*EXERCISE DESCRIPTION*. As output, give the exact lines from the one containing "Antique, Collectables and" through the end of the listing below, both included, without the pictures.

*GIVEN DATA*.
╔══

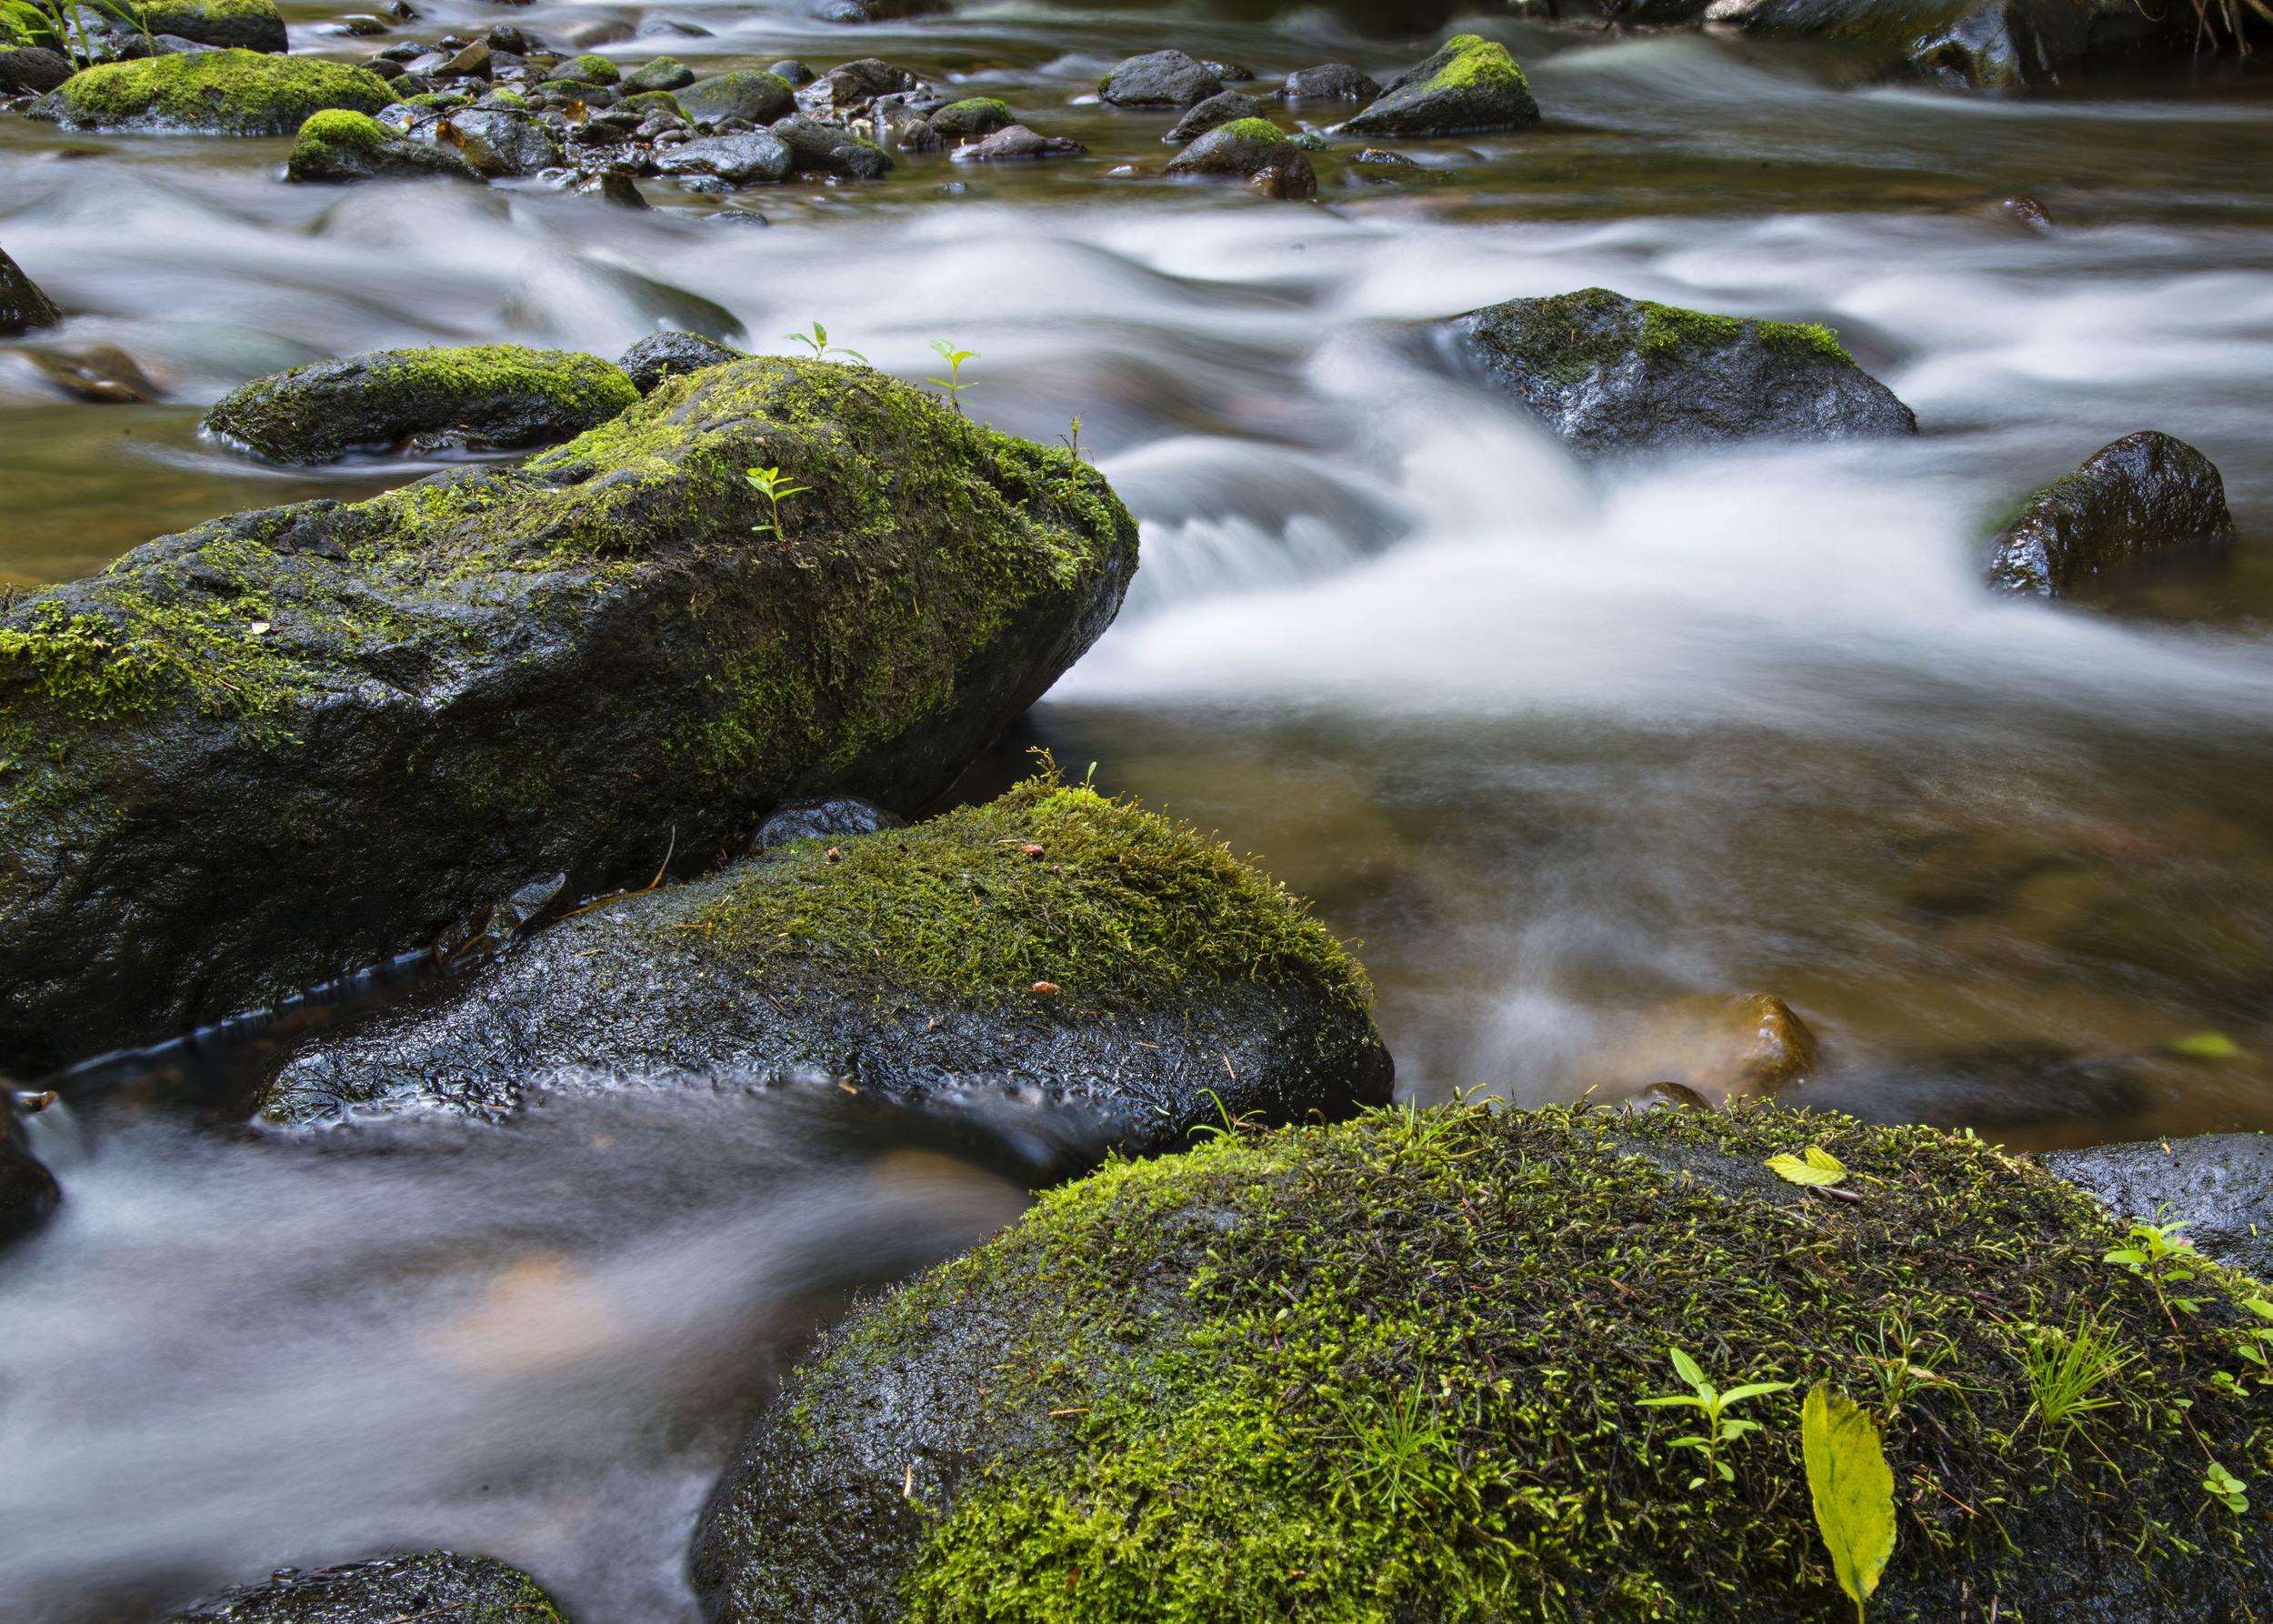 Stream and rocks at Mt. Hood. Nikon D800, Nikkor 24-120mm lens @ 44mm, f22, ISO 50, 4 sec, -2/3 stop exposure adjustment.
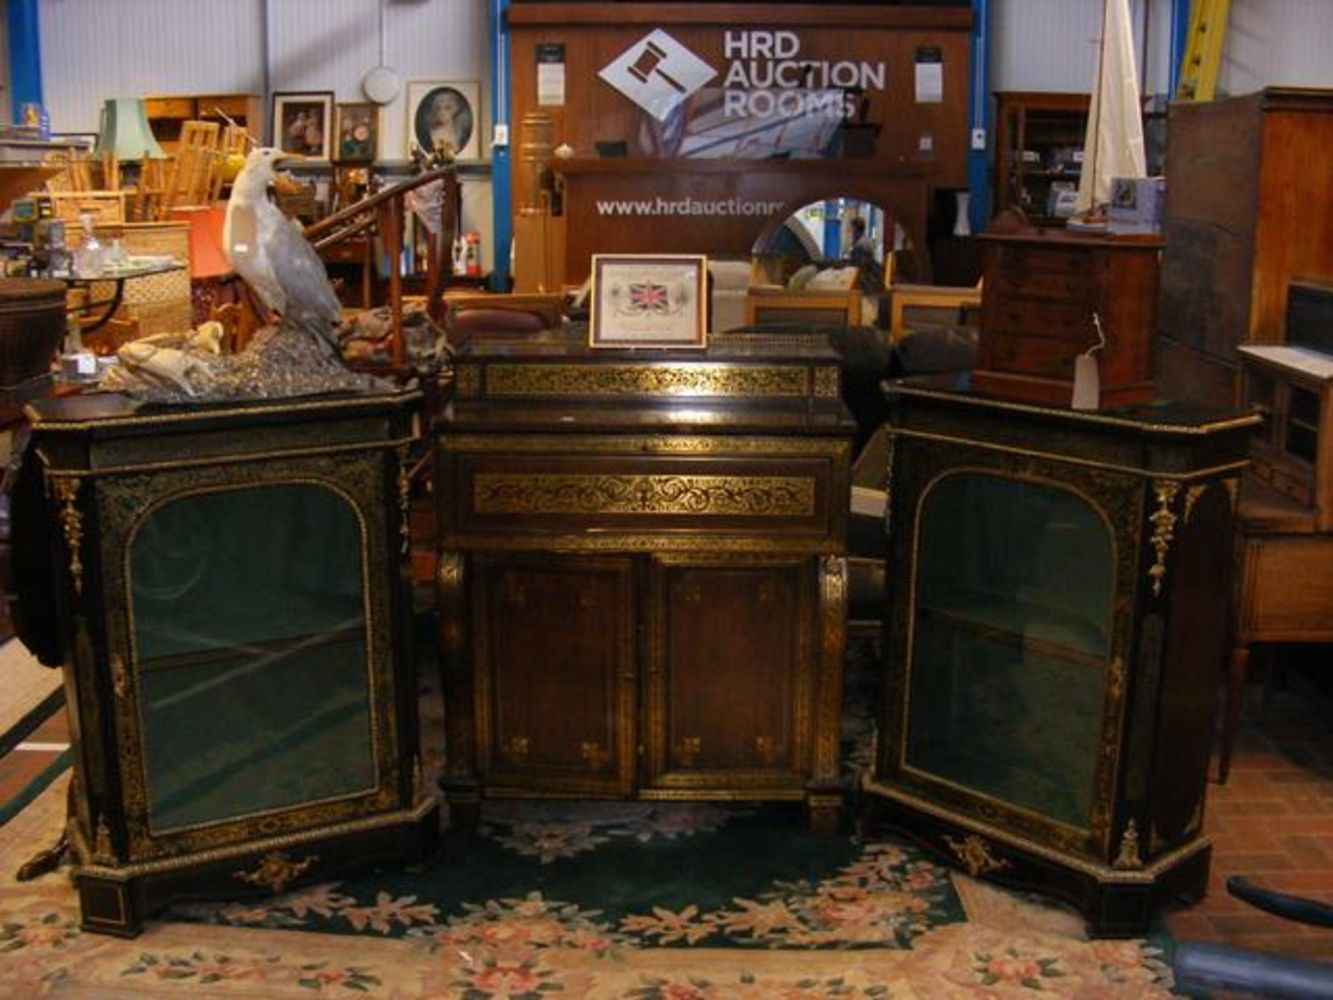 Antique, Collectables and Vintage - HRD Auction Rooms Ltd
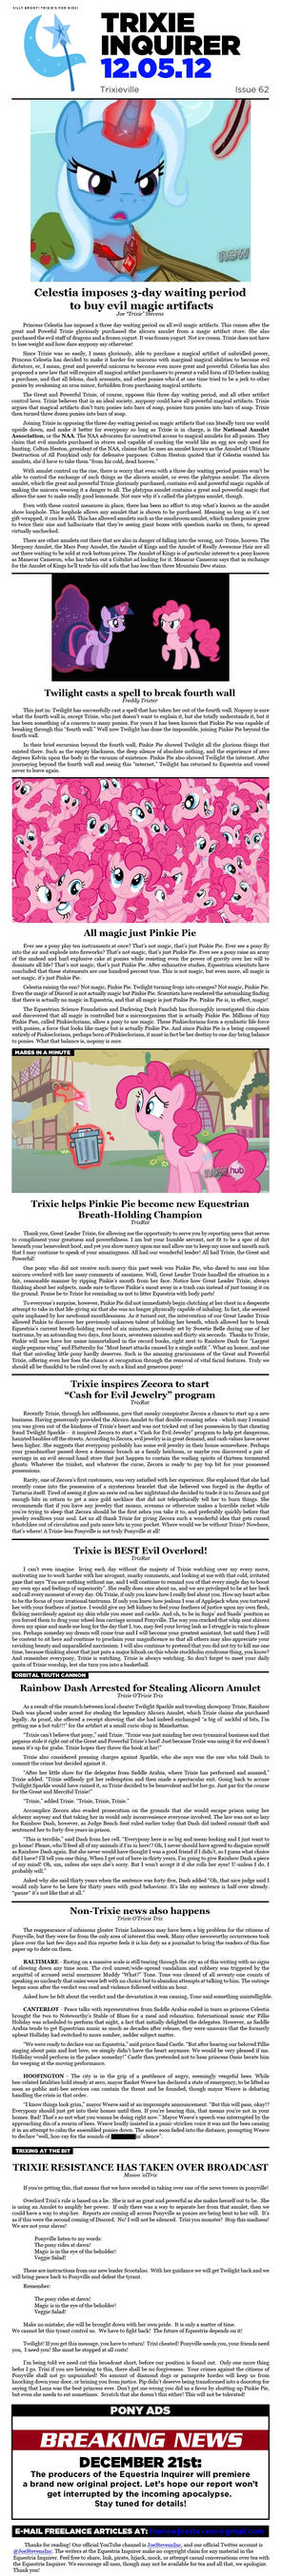 Equestria Inquirer 62 by JoeStevensInc

╚══

*RESULT FOR THIS EXERCISE*.
 Antique, Collectables and Vintage - HRD Auction Rooms Ltd
 Equestria Inquirer 62 by JoeStevensInc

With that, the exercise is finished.